Media Revenue will seems to be growing but mostly in digital media. The approximate increase is in iptv, internet radio…
Global entertainment and media revenue is forecast rising by an average of 6.6 percent a year to $2.2 trillion by 2012, boosted by advertising-supported digital and mobile media and an explosion in the adoption of broadband.
According to the PricewaterhouseCoopers (PwC) annual forecast released on Wednesday, advertising tied to the burgeoning interest in watching videos on the Internet and on devices, such as Apple Inc’s <AAPL.O> iPod, will account for 24 percent of growth in the sector and is projected to grow fastest at a compound annual growth rate of 19.5 percent to 2012.
Total entertainment and media revenue growth is seen outpacing global gross domestic product, which will increase 5.7 percent, according to the report.
Despite the acceleration of digital businesses, revenue from traditional media venues such as television will still dominate global market share, if not growth. Digital and mobile revenue will account for only 11 percent of total spending, or $234 billion, in the next five years.
PwC’s report presents a more stable view of large media and entertainment companies. Those shares have sunk more than 13 percent since the beginning of the year — at a steeper rate than the Standard & Poor’s 500 Index <.SPX> — on fears that the weak economic climate could curtail consumer spending and spark an advertising recession.

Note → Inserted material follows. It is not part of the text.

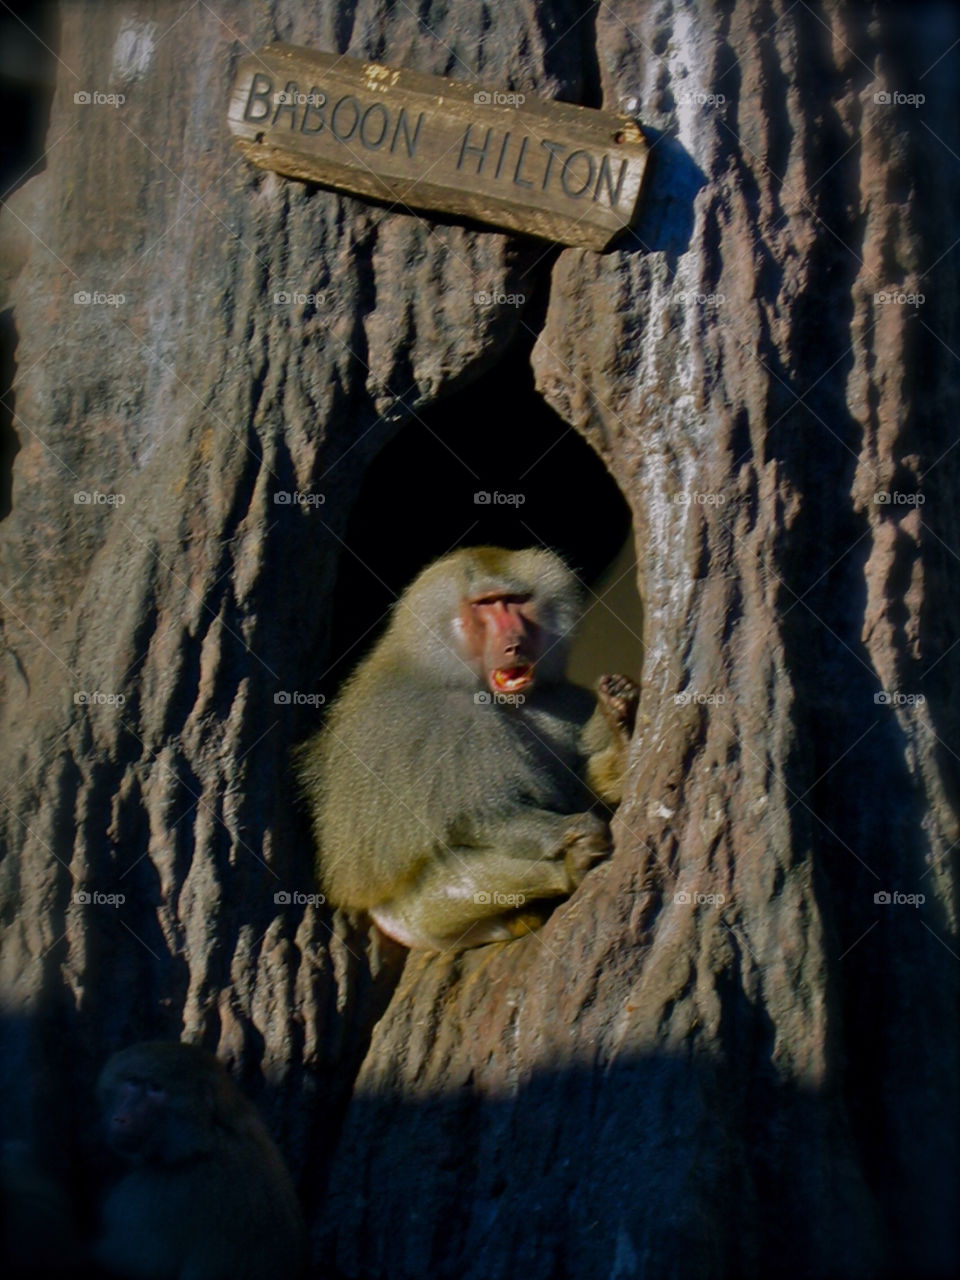 wood monkey by lennart1968

Last week, Lehman Brothers argued that with entertainment company valuations near 10-year lows, it might be a good time for investors to shop for deals, such as News Corp <NWSa.N>.
One surprise: Advertising on over-the-air television globally — the sector viewed by Wall Street as one of the most vulnerable in a weakened economy — is expected to rise 5 percent on a compounded annual growth basis to 2012, making it the most resilient to threats posed by digital growth.
“The oft-reported death of traditional media remains greatly exaggerated,” according to the report.
The weakest area in the next five years will be the music industry. Ravaged by online piracy, recorded music sales are expect to fall by 0.6 percent to 2012, but is seen growing again by 2011, when digital sales will overtake CD sales.
What’s unlikely to be solved in the next five years? “While companies are making bold moves to follow consumers into the digital/mobile future, they continue to wrestle with the challenge of creating business models that adequately monetize their efforts,” the report said.
PwC’s report, which surveys 15 major industry segments in 59 countries, underscored a trend over the past few years. The United States will continue to account for the biggest share of revenue by country, or $759 billion by 2012, but will grow the slowest at about 4.8 percent, outpaced by the Asia Pacific and Latin America.